> [EXERCISE OBJECTIVE] A verbatim copy of the data is wanted, minus any picture in it.

:: MATERIAL PROVIDED ::

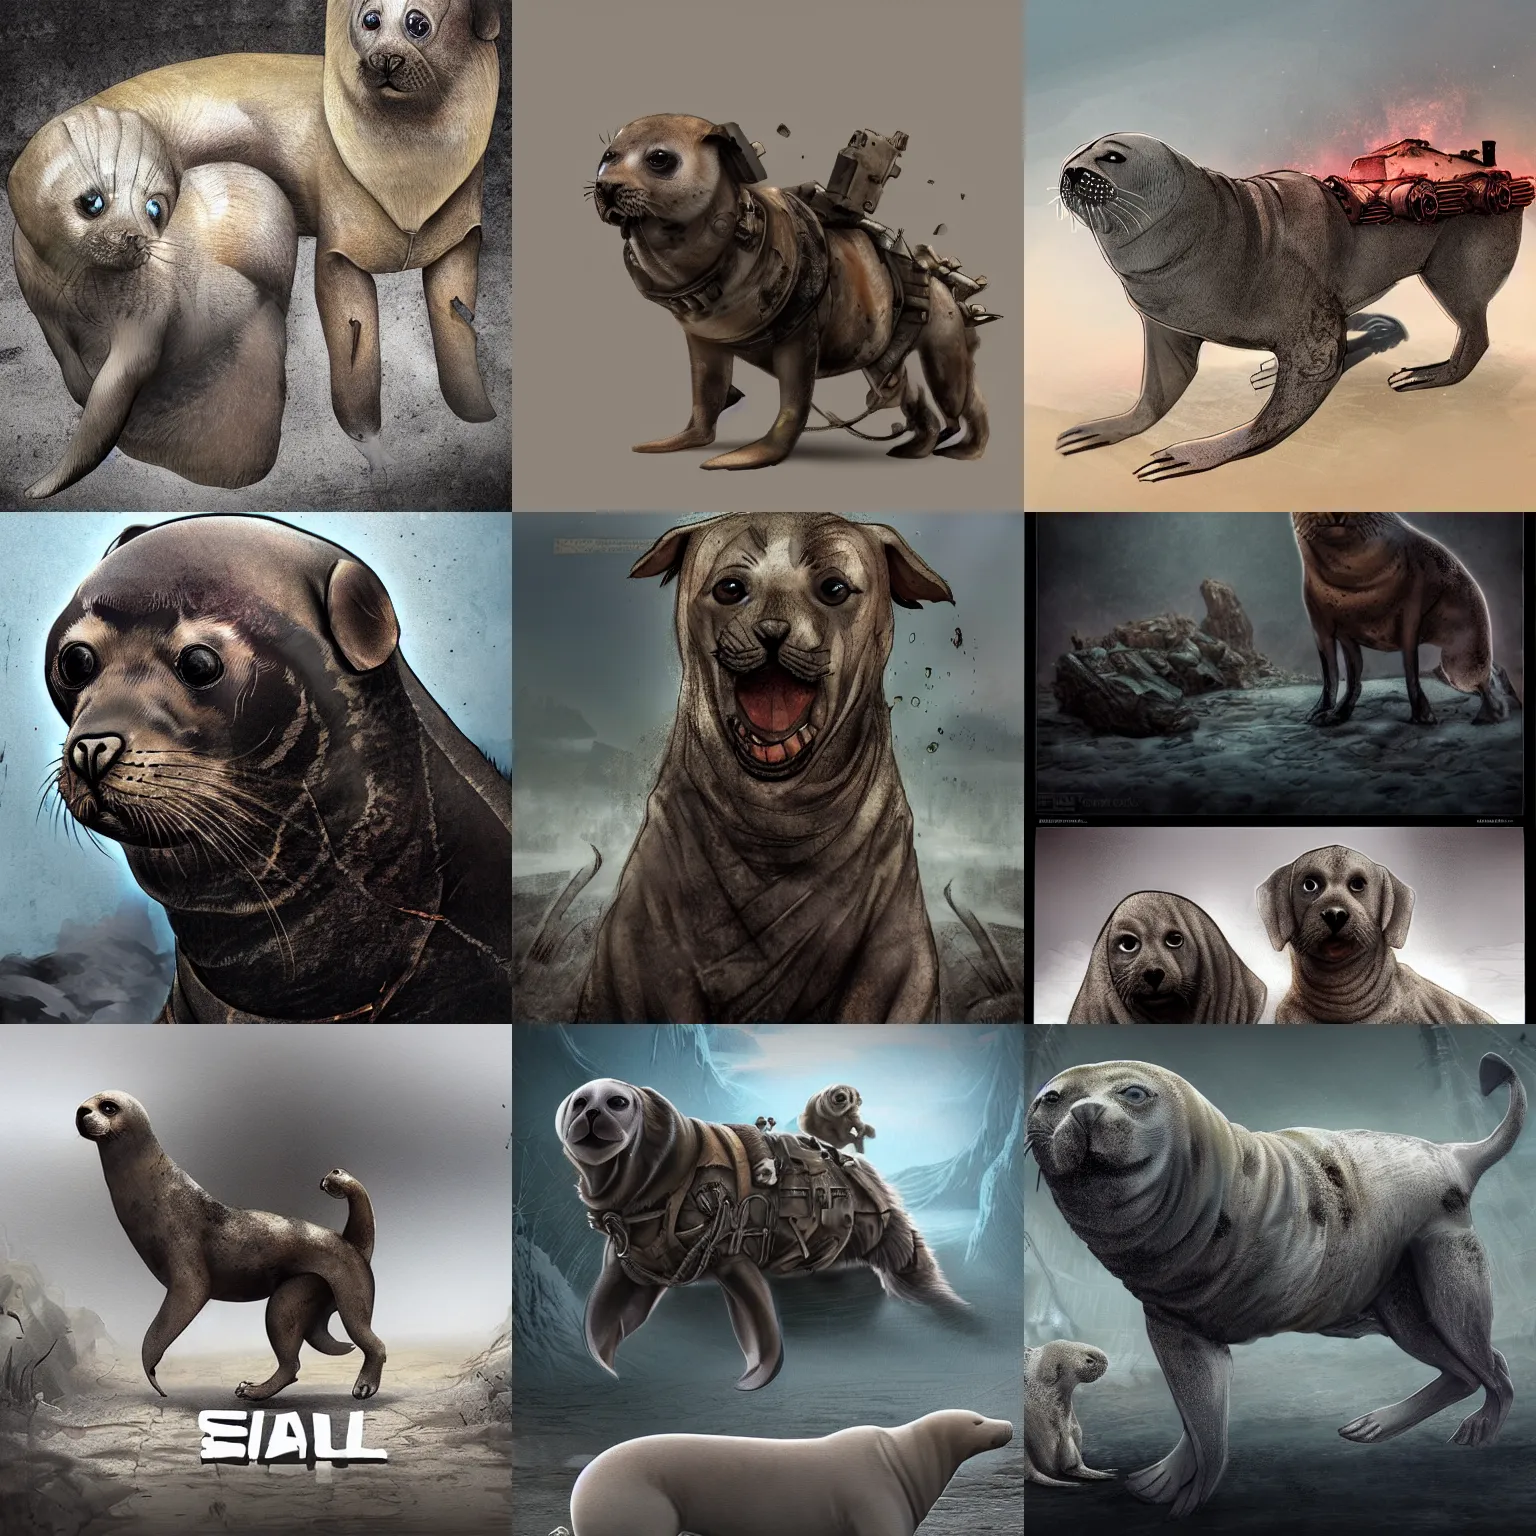 Prompt: seal dog chimera, post apocalyptic, award winning digital art, featured on artstation
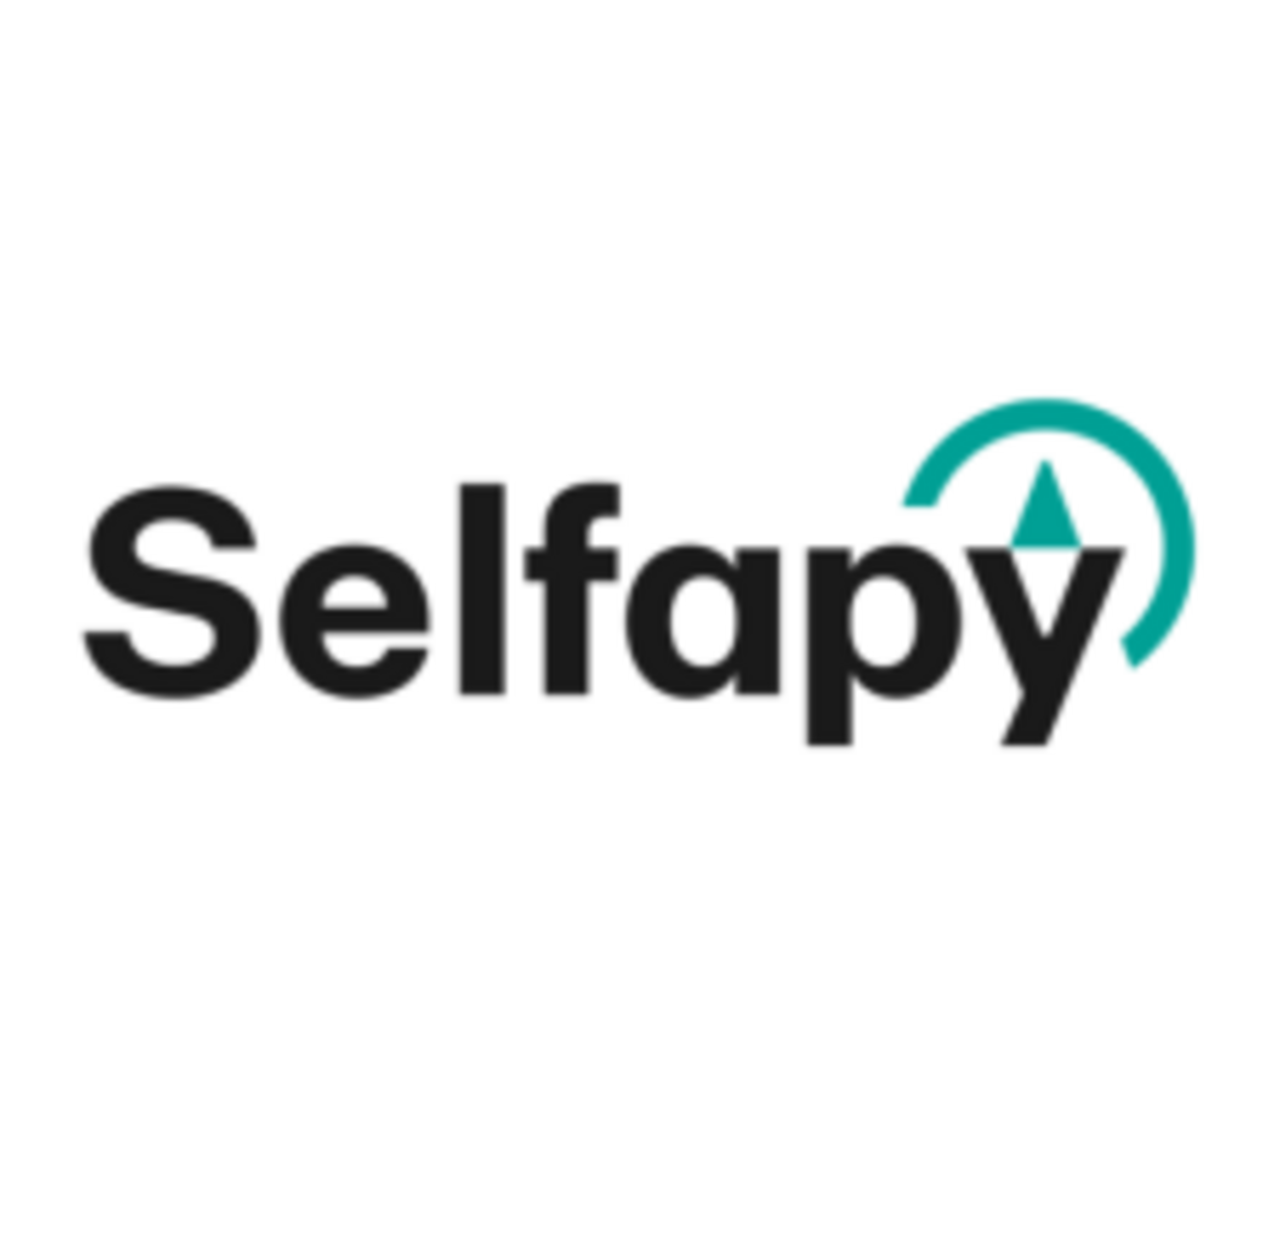 Logo Selfapy
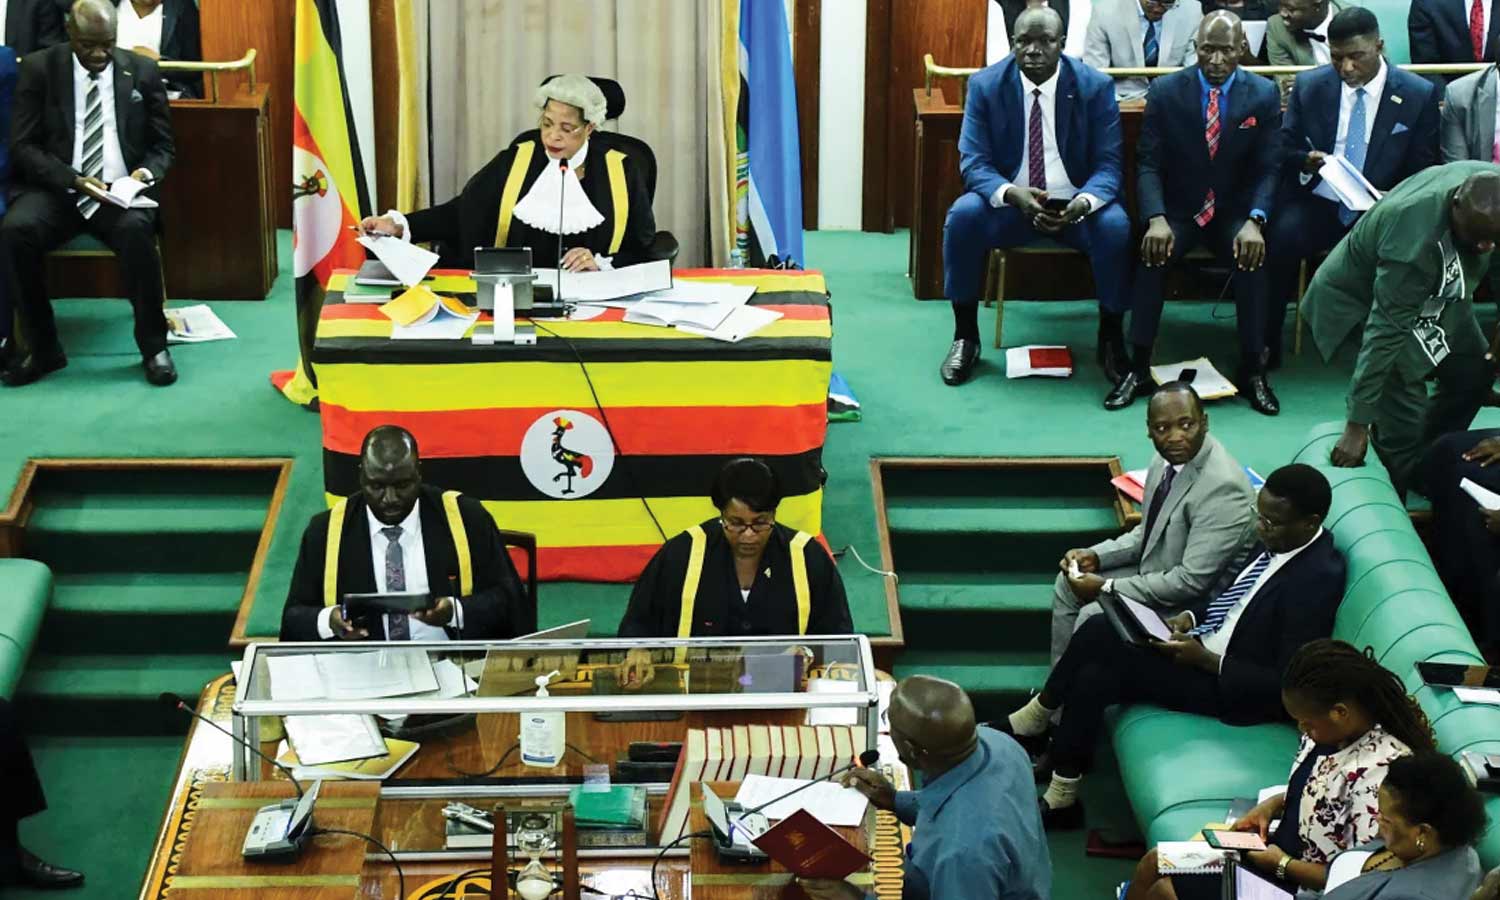 Hukuman penjara 10 tahun untuk homoseksual di Uganda – Parlemen mengesahkan undang-undang

:::

> [REPLY TO THE TASK]
 Prompt: seal dog chimera, post apocalyptic, award winning digital art, featured on artstation
 Logo Selfapy
 Hukuman penjara 10 tahun untuk homoseksual di Uganda – Parlemen mengesahkan undang-undang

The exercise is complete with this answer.